Supplied records:

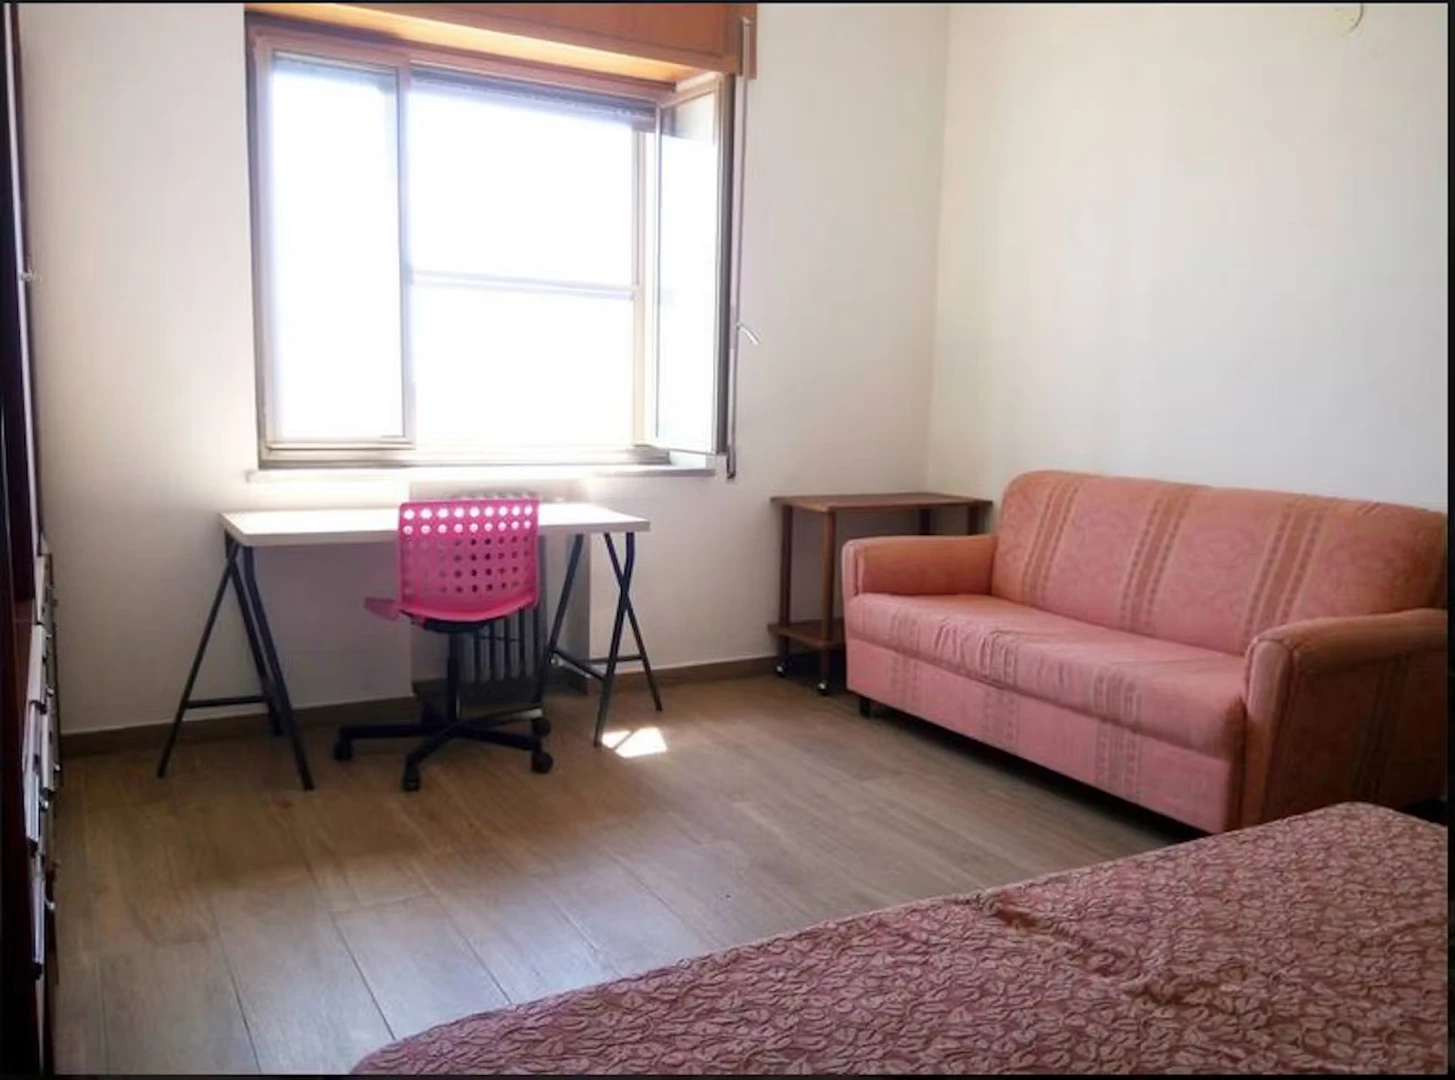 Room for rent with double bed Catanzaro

...

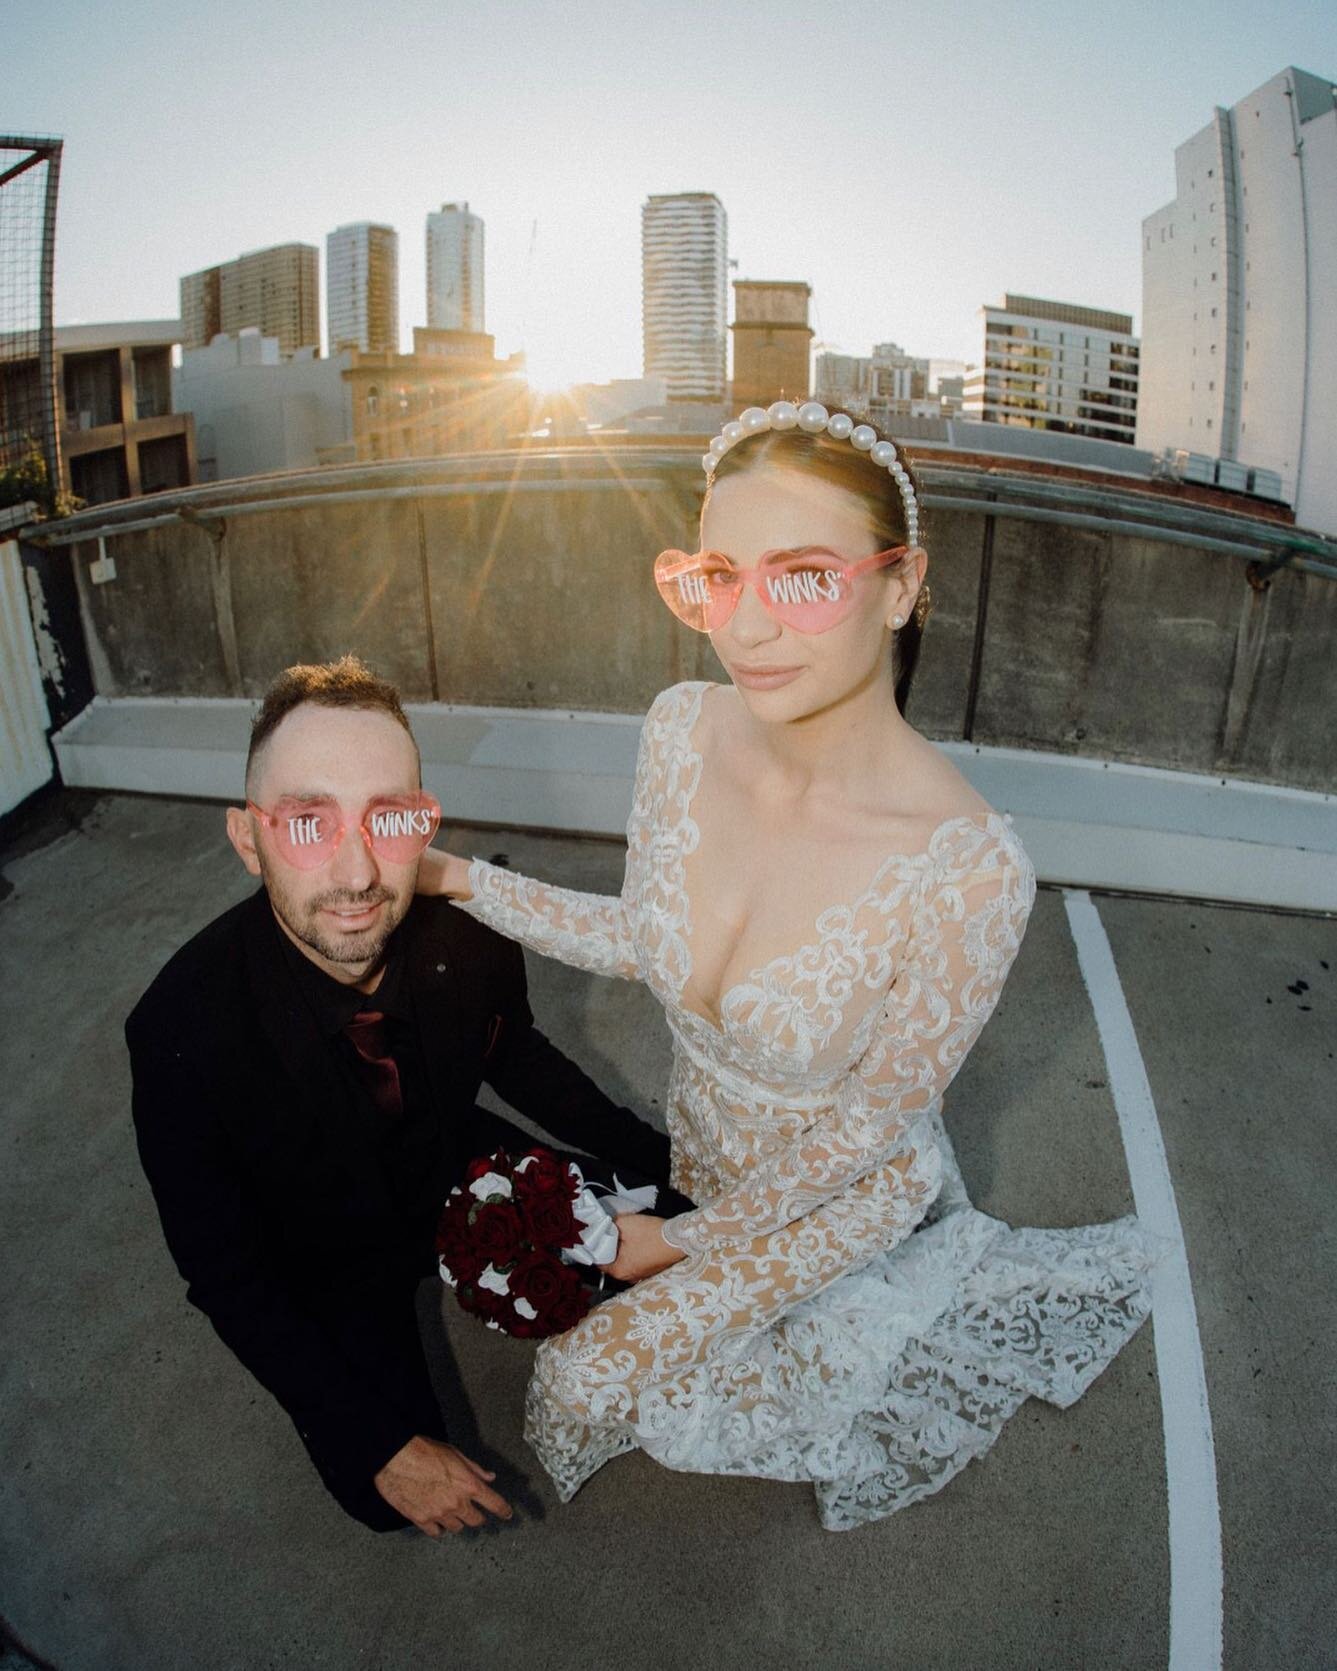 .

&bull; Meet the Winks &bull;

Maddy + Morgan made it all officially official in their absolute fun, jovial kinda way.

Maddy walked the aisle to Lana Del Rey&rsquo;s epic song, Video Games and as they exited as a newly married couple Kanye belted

...

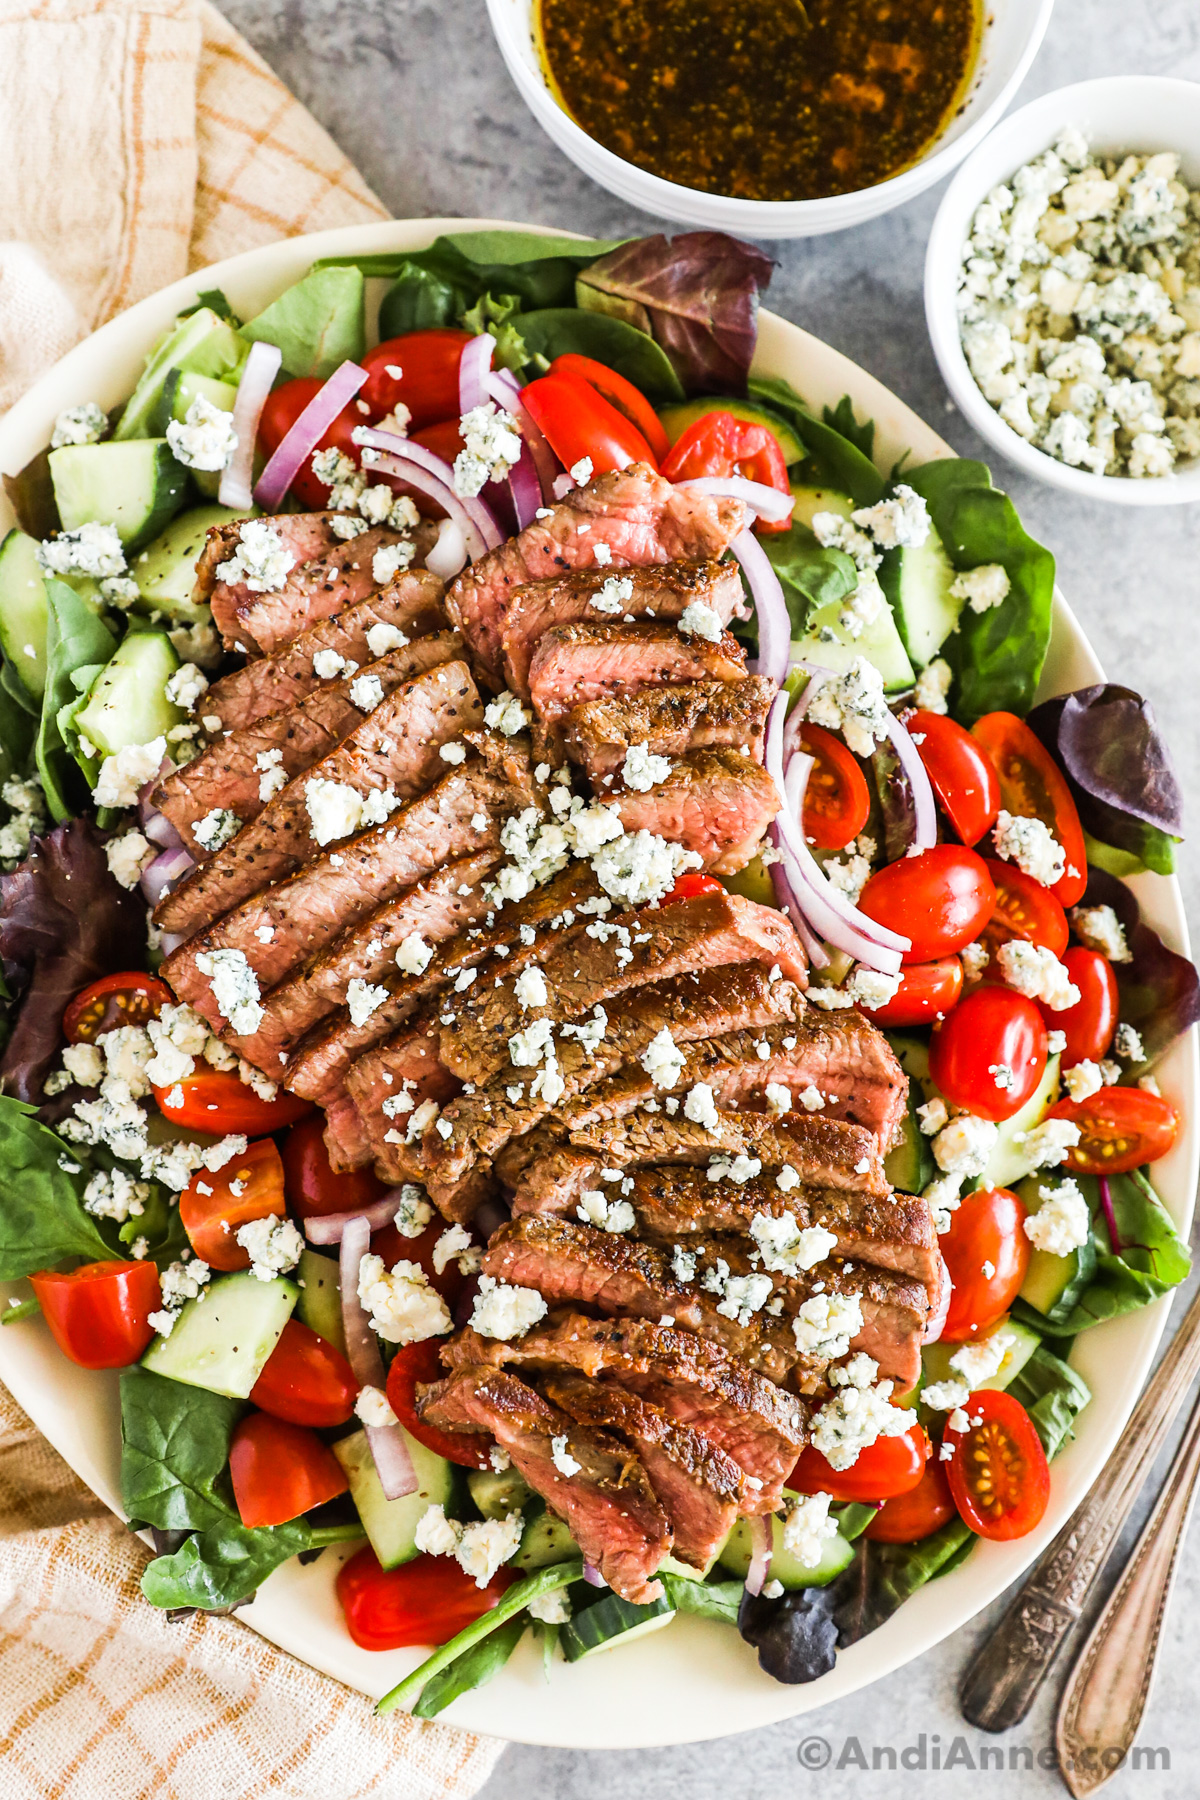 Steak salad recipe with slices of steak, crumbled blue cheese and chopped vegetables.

Assigned task:
Everything from the line with "Maddy + Morgan" through the line with "Maddy walked the" should be written out exactly as it appears above, end lines included, and nothing outside that range.

Written answer:
Maddy + Morgan made it all officially official in their absolute fun, jovial kinda way.

Maddy walked the aisle to Lana Del Rey&rsquo;s epic song, Video Games and as they exited as a newly married couple Kanye belted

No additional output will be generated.